Noch war der Mann weit oben auf den Hügeln in der Ferne. Er schien zu schweben, obgleich er von zwei Koffern am Boden gehalten wurde. Das Licht flirrte bereits unter seinen Füßen. Die Koffer aber hielten ihn. Nicht er hielt die Koffer. Hätter er nicht diese Koffer, seine Melodie würde ihn von der Erde reißen unwiederbringlich. Unwiederbringlich war Frau Schwalbe aus den Lagerhallen und Vorratskellern aufgebrochen und näherte sich der Melodie und den Koffern. Die Melodie näherte sich ihr…unweigerlich näherte sich der Mann mit den Koffern. Und sie schritten und schwebten und tanzten aufeinander zu, um sie beide legten sich die Schwingen der Melodie wie Frau Schwalbe nicht anders konnte als dem Mann mit den Koffern ihre Arme um den Leib zu legen zu einer einzigen festen Umarmung, Umklammerung eher, und darin spürte Frau Schwalbe das Gewicht der Koffer im Verhältnis zum Auftrieb der Melodie und wie sich beides in Balance gehalten hatte, bis sie des Weges gekommen war und nicht anders gekonnt hatte, als ihre Arme um diese leibliche Melodie zu legen, damit sie sie mitnähme – vielleicht. Frau Schwalbe wollte fliegen, davon träumte sie. Der Mann wollte seine Balance halten zwischen Himmel und Erde. Nicht fliegen wollte er, er wollte schweben – und wusste es selbst nicht. Aber gegen die Schwerkraft aus Koffern und Frauenleib brauchte die schwebende Balance eine neue Kraft und der Mann legte unweigerlich den Kopf in den Nacken und die Melodie weitete seinen Brustkorb, seinen Hals und öffnete ihm den Mund. Sie drang in ihm nach außen, durchdrang ihn und sang sich aus ihm heraus, diese Melodie, und so hoch hinauf, dass sie beide, der Mann mit den Koffern und Frau Schwalbe dicht über dem Boden auf dem flirrenden Licht….
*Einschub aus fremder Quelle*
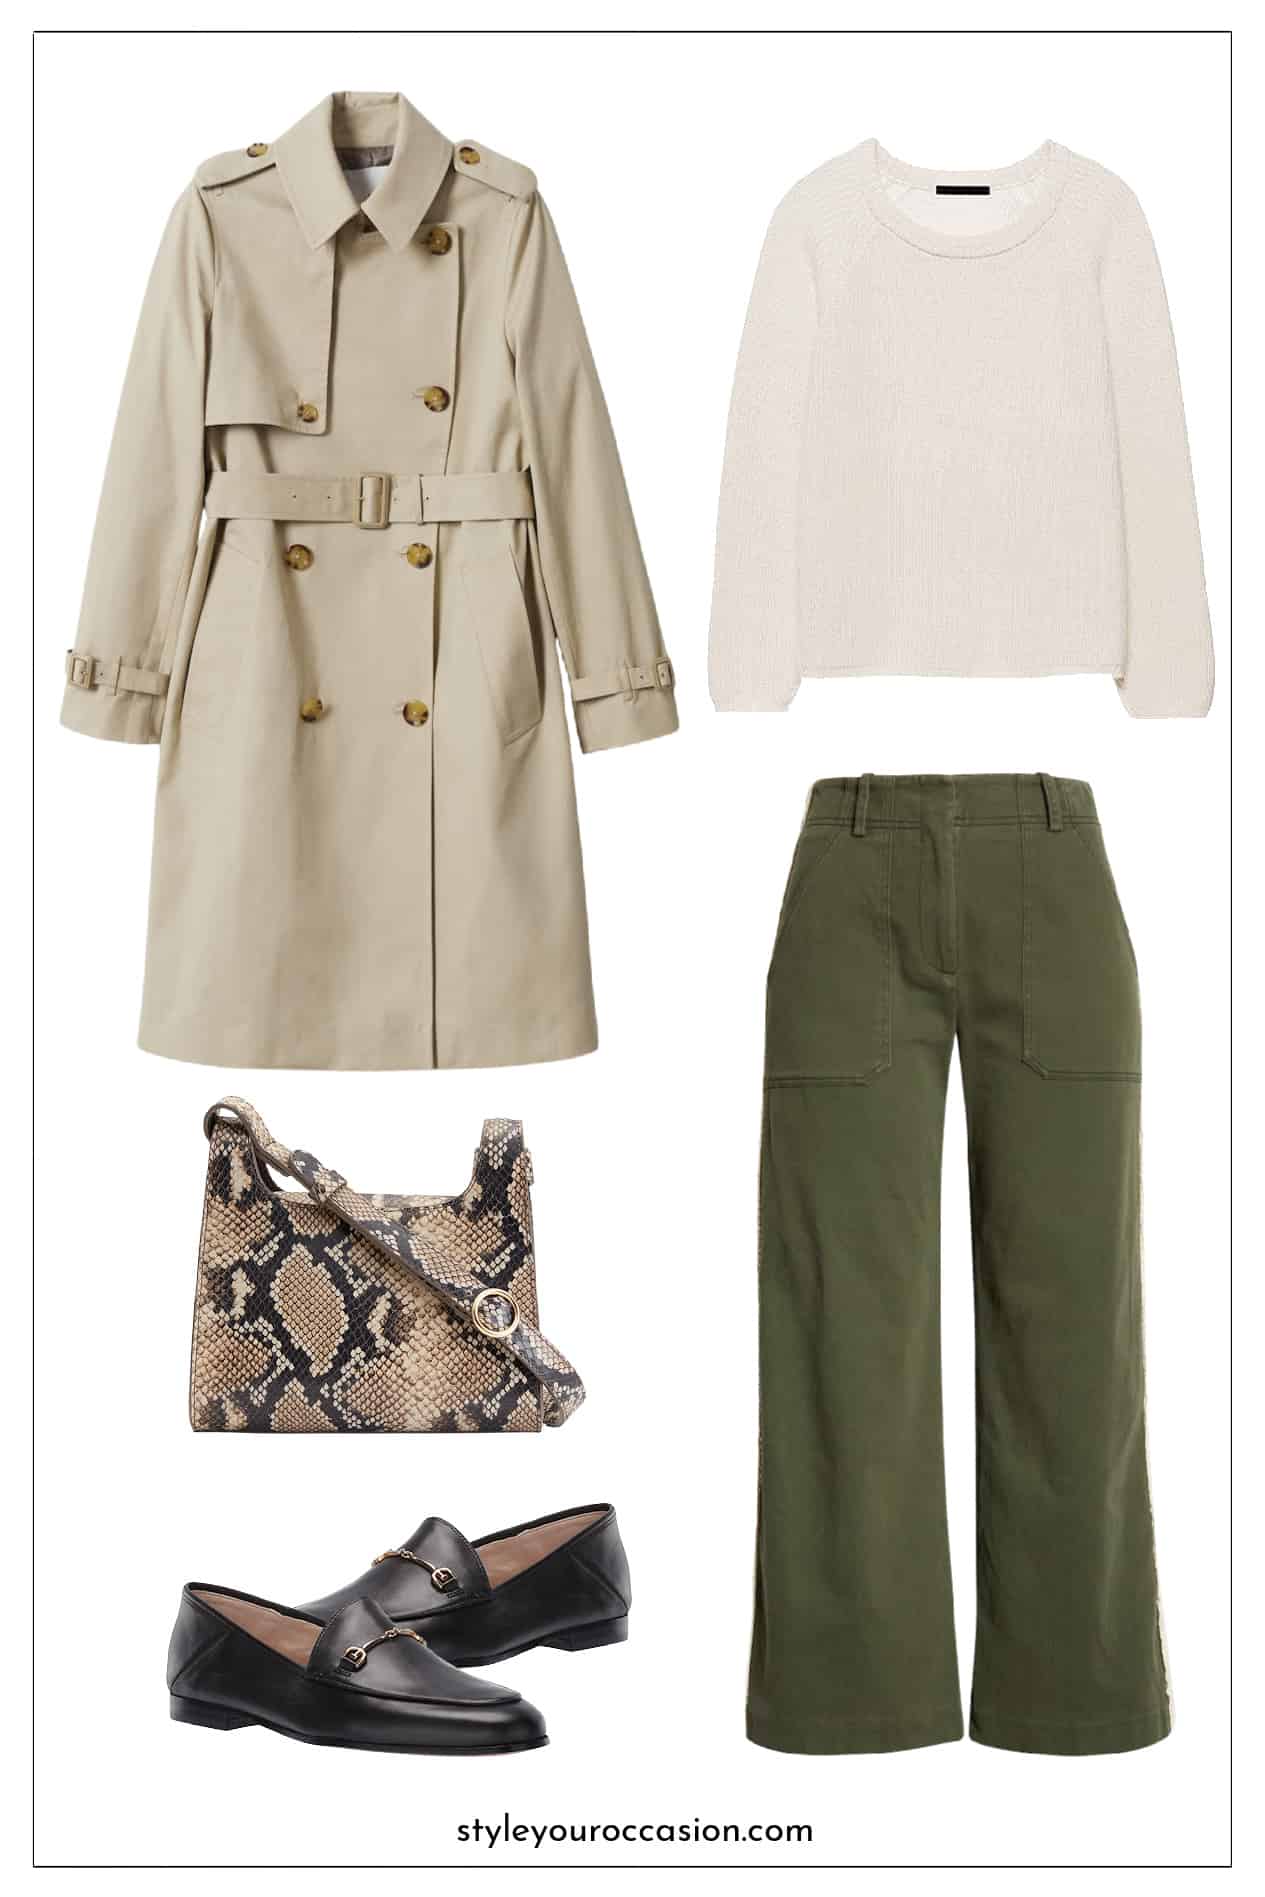 image of an outfit with green pants, a trench coat, ivory sweater, snake print bag, and black loafers

Der Kaufmann am Platz nahe der Kirche verriegelte sein Geschäft. Und auch vor die beiden Flügel der großen Tür des Warenlagers legte er ein schweres Schloss. „Feierabend“, sagte der Kaufmann und wandte sich um, zu seiner Frau. Er hatte sie kommen sehen, zu Fuß aus dem Tal. „Wo warst du denn so lange?“ fragte er und sah , wie sie an ihren kurzen Haaren strich, links über dem Ohr, wie sie es früher getan hatte, als ihr Haar noch lang und unbändig war. „Tanzen,“ sagte Frau Schwalbe, „ich war tanzen.“ „Bei der Bank war es heute sehr voll, da dauerte eben alles länger.“ sagte die Frau des Kaufmanns. „Du hättest doch den Wagen nehmen können,“ sagte der Mann und verstaute das riesige Schlüsselbund in seiner Aktentasche. „Ich bin geflogen,“ sagte Frau Schwalbe. „Du weißt doch, ich mag den großen Wagen nicht,“ sagte die Kaufmannsfrau. „Und es ist ja auch nicht all zu weit.“ Sie klickte ihre Handtasche auf, um die Bandkauszüge herauszusuchen. Dabei klapperten die flachen Sandalen auf’s Steinpflaster des leeren Platzes. „Barfuß bist du?“ der Kaufmann sah mit gerunzelter die Stirn auf die nackten Füße seiner Frau. „Was dir immer einfällt! – Und überhaupt…-“ missbilligend blickte er in die Weite des Tales unterhalb des Ortes, als wittere er von dort Gefahr. „Hast du diesen Kerl gesehen, vorhin?“ fragte er. „So einer mit Koffern. Zwei Koffer trug er. Er war seltsam. Du solltest nicht allein durch das Tal laufen. Einer, mit zwei Koffern… wer trägt heut schon noch Koffer zu Fuß durchs Land. Wer weiß, wer der Kerl ist und was er im Schilde führt!“ – „Gesang auf dem Wind,“ sagte Frau Schwalbe. „Ein fliegender Händler vielleicht?“ sagte die Frau des Kaufmanns – und schob sich wieder ihr kurzes Haar hinter das linke Ohr, bevor sie gedankenverloren in ihre Sandalen schlüpfte.